Melihat kami, wanita itu tersenyum.

"Belum tidur, Mbak?"

"Hehehe. Takut, Buk." Cengir Nopita.

"Takut apa?"

"Takut kalo ada hantu." Jawabku tanpa basa-basi.

"Hahaha. Nggak usah takut, Mbak. Di sini aman. Paling cuma anak-anaknya aja yang sering maen ke sini."

"Ha?!" Kami tidak menyangka Bu Jamilah akan mengatakan itu. Mendengar informasinya sekarang membuat kadar ketakutanku naik 5 level.

Kulihat Nopita yang berdiri di sebelahku juga melongo. Ia tampak shock. Pandangannya lurus ke arah balkon tanpa pembatas yang kosong. Ya. Kamar kami memang langsung menghadap ke balkon yang saat itu belum ada pembatasnya.

"Nop ... Nop ..." aku melambai-lambaikan tanganku di depan wajahnya. Berharap agar kewarasannya segera kembali.

"Liat apa, Mbak?" Tanya Bu Jamilah kepada Nopita.

Nopita masih diam. Pandangannya masih tetap seperti semula. Sepertinya, ia sedang mendapati sesuatu yang tidak biasa.

"Itu, Buk."

Nopita menunjuk sesuatu ke depan. Jujur. Aku bergidik. Tapi kulihat Bu Jamilah sangat tenang.

"Oh itu?" Bu Jamilah mendatangi arah yang ditunjuk Nopita. Ia berjalan begitu santai seolah tak pernah terjadi apa-apa. Aku dan Nopita masih bisa memandangi punggungnya yang menyimpan lelah di bawah temaram lampu.

Tidak lama kemudian Bu Jamilah kembali membawa sesuatu yang ia genggam di tangan kanannya.
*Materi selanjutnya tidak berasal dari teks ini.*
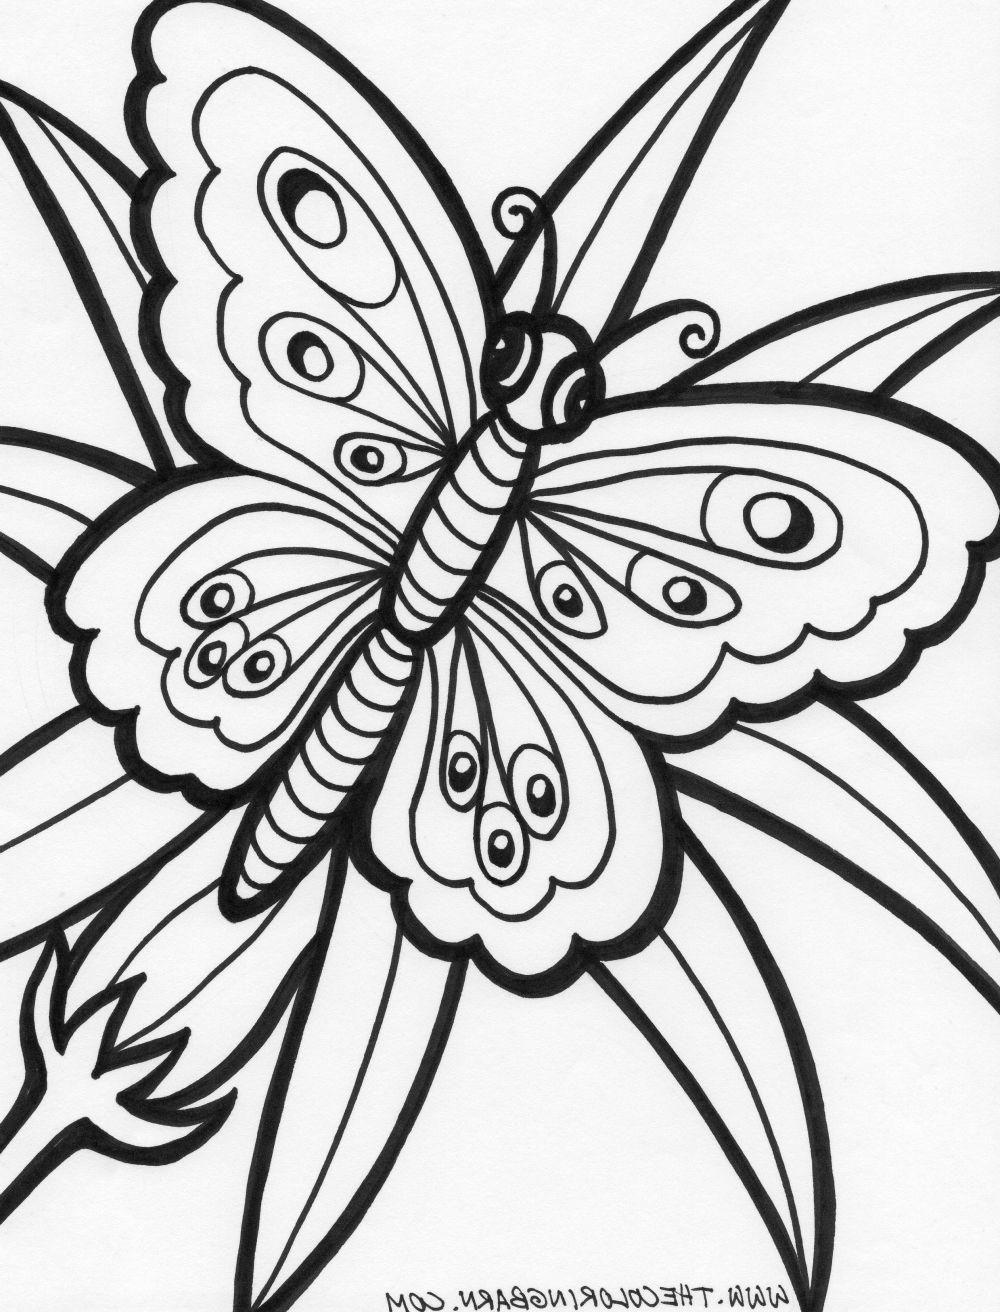 Free Printable Tattoo Designs | Printable Heart Dragon Tattoo Design ...

"Cuma plastik putih yang nyangkut kawat cor, Mbak."

Lega. Kami benar-benar lega. Jujur saja aku ingij tertawa keras-keras kalau tidak waktu itu sudah malam. Alhasil, kami bertiga sekuat tenaga menahan tawa. Nopita pikir, itu adalah pocong yang nyangkut di lantai 3.

****

Keesokan harinya kami ngobrol panjang lebar kali tinggi dengan Bu Jamilah.

Bu Jamilah asli Solo. Ia seorang janda dengan 3 orang anak yang semuanya perempuan. Kini semua anaknya sudah menikah dan ikut suami. Jadilah ia seorang diri di rumah.

Sebagai seorang yang pekerja keras, Bu Jamilah tidak mau merepotkan anak-anaknya dengan meminta uang kepada mereka. Bu Jamilah memilih merantau dan bekerja sebagai pembantu.

Selain menjaga dan membersihkan kos, Bu Jamilah juga mengurus rumah Bu Ella yang katanya empat kali lebih besar dari bangunan kos. Busyeeet. Itu tenaga orang apa banteng?

Kuteguk saliva atas kekagumaman ini. Empat kali, Gaes. Bayangkan!

"Bu Jamil nggak capek?" Tanyaku lugu.

"Udah biasa, Mbak. Rumah saya kan di desa. Bangunannya malah lebih besar. Di tambah lagi ada halaman dan pohon mangga dan petai cina yang tinggi-tinggi. Setiap pagi daun-daunnya pasti banyak yang gugur.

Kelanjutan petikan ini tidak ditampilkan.